### Data for processing:
◇ ◇ ◇ ◇

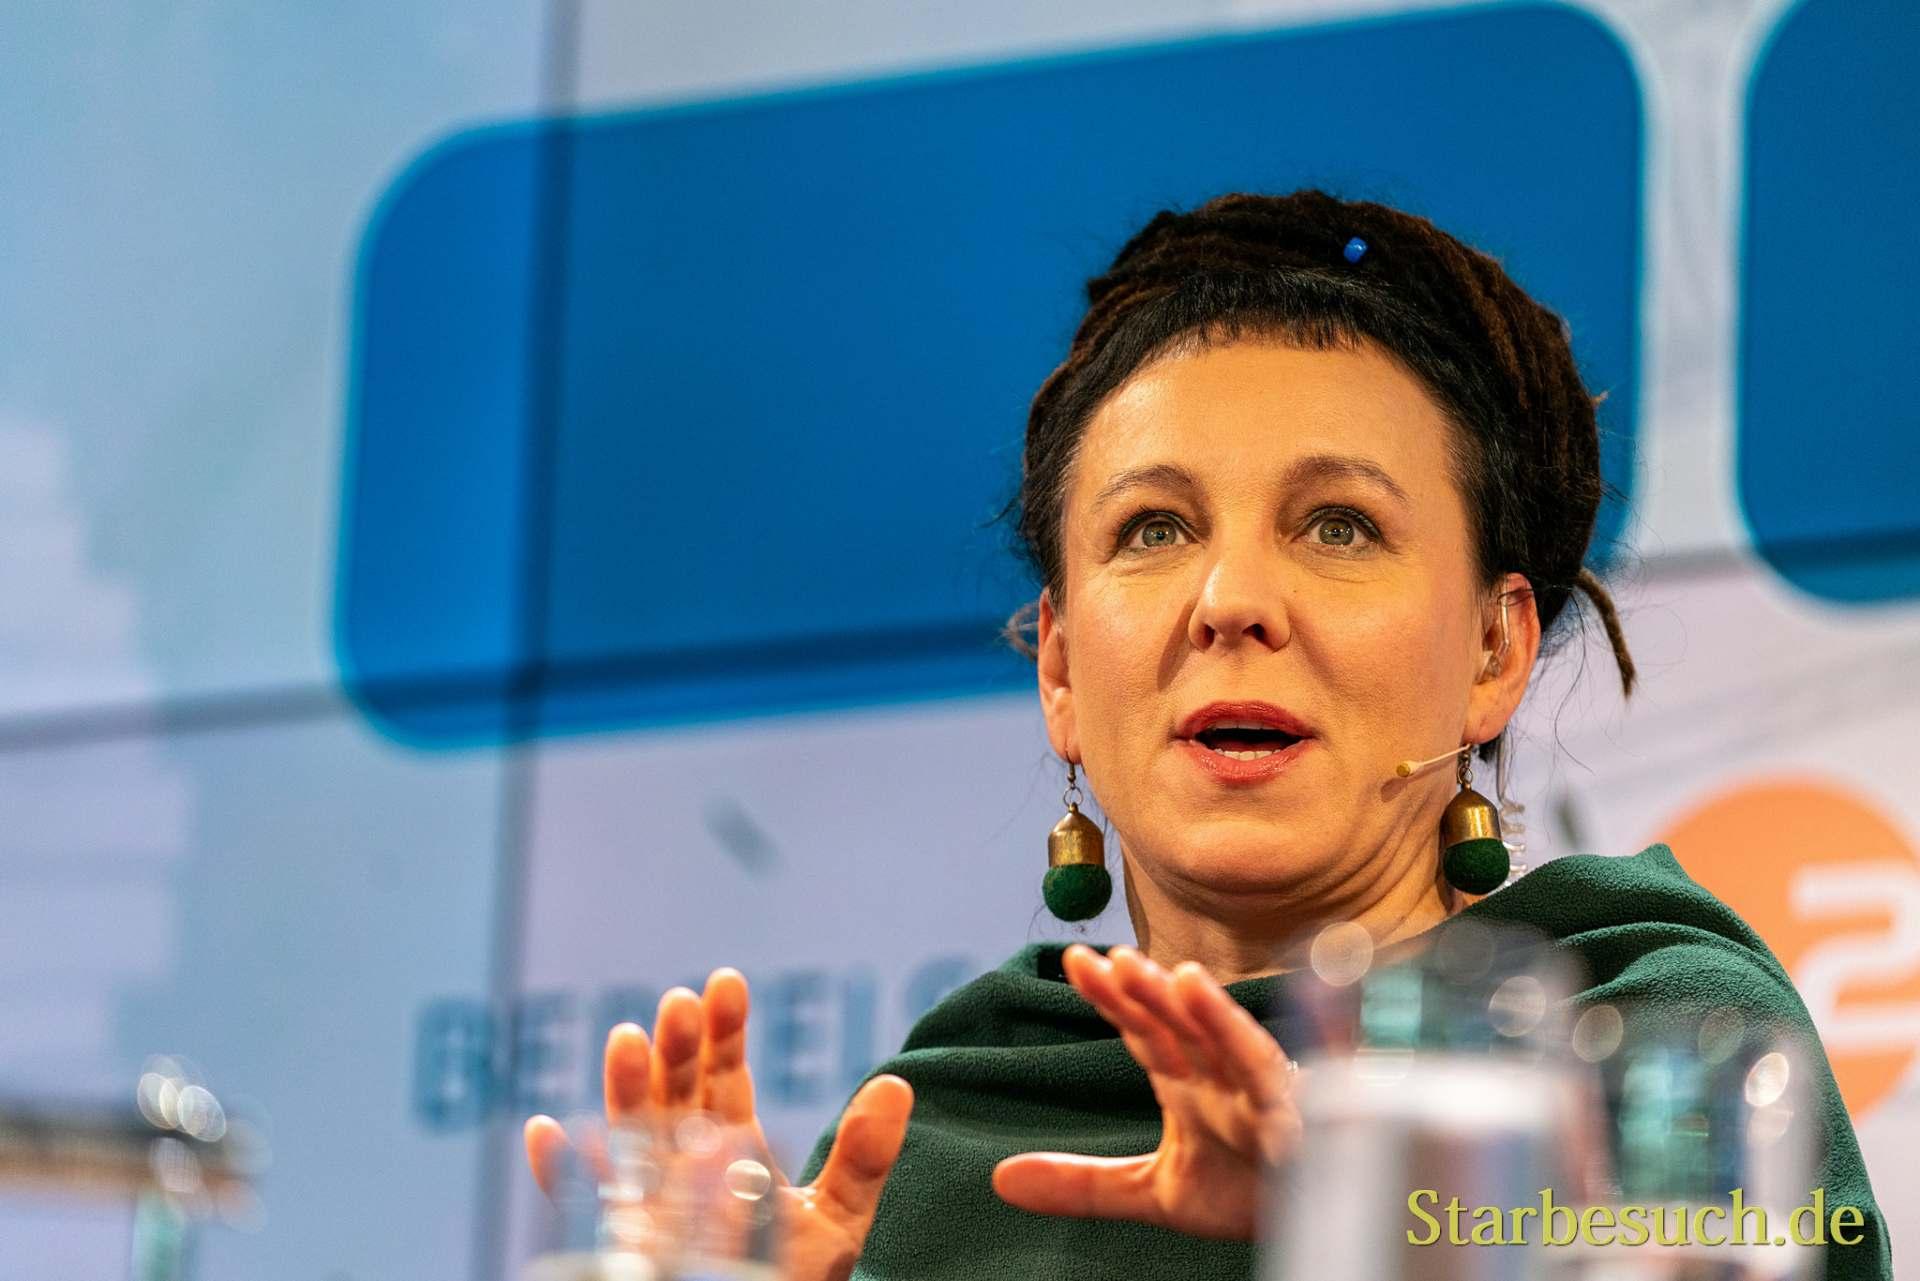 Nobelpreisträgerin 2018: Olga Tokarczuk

◇ ◇ ◇ ◇

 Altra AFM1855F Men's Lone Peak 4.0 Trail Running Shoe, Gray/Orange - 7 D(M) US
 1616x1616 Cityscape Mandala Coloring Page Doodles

◇ ◇ ◇ ◇

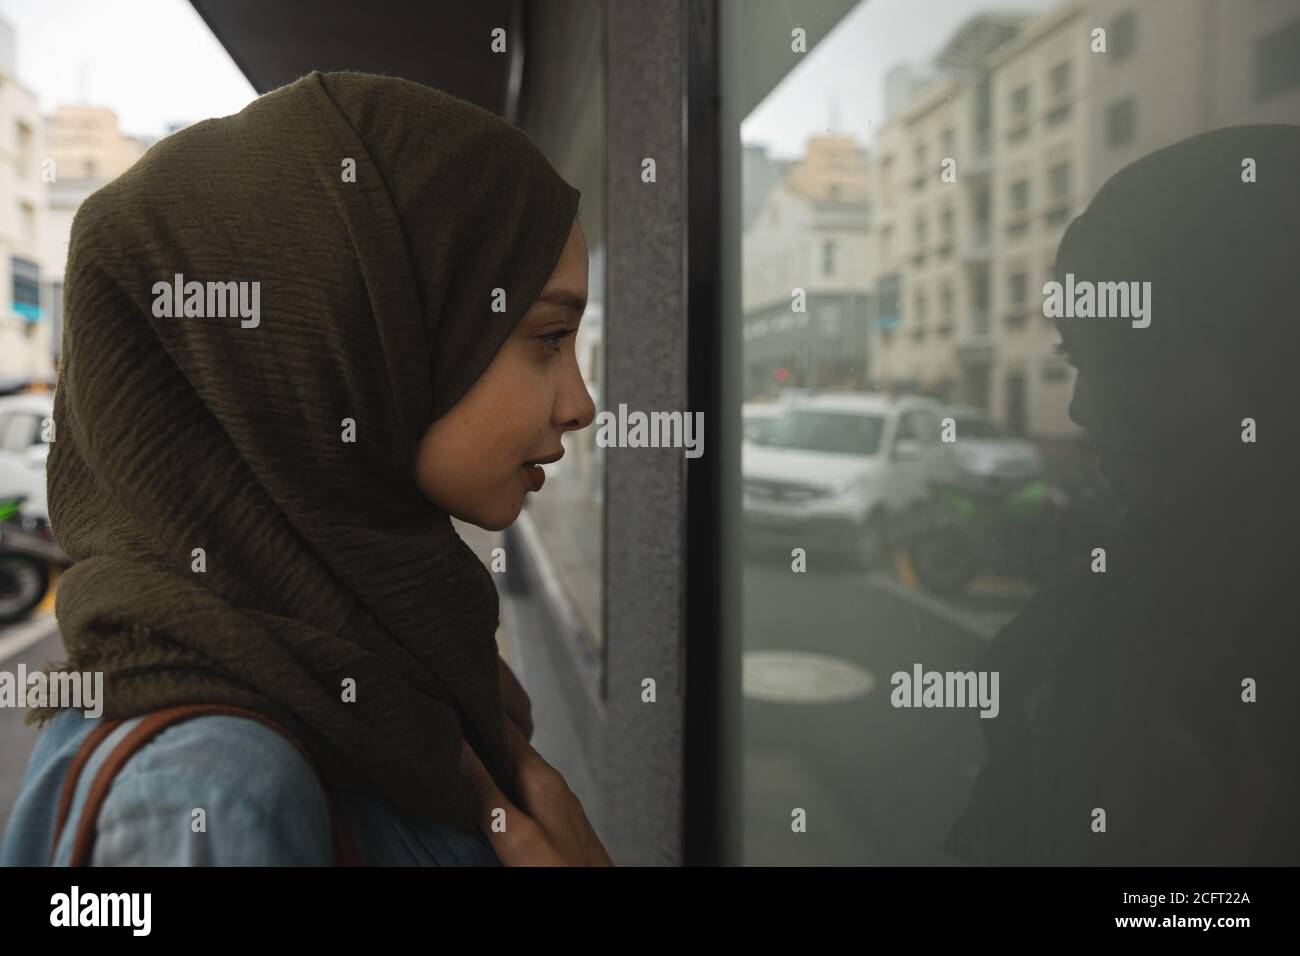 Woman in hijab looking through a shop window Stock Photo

◇ ◇ ◇ ◇

Look through the material above and print exactly the lines from the one containing "Altra AFM1855F Men's" to the one containing "1616x1616 Cityscape Mandala", both included, and nothing more.

 Altra AFM1855F Men's Lone Peak 4.0 Trail Running Shoe, Gray/Orange - 7 D(M) US
 1616x1616 Cityscape Mandala Coloring Page Doodles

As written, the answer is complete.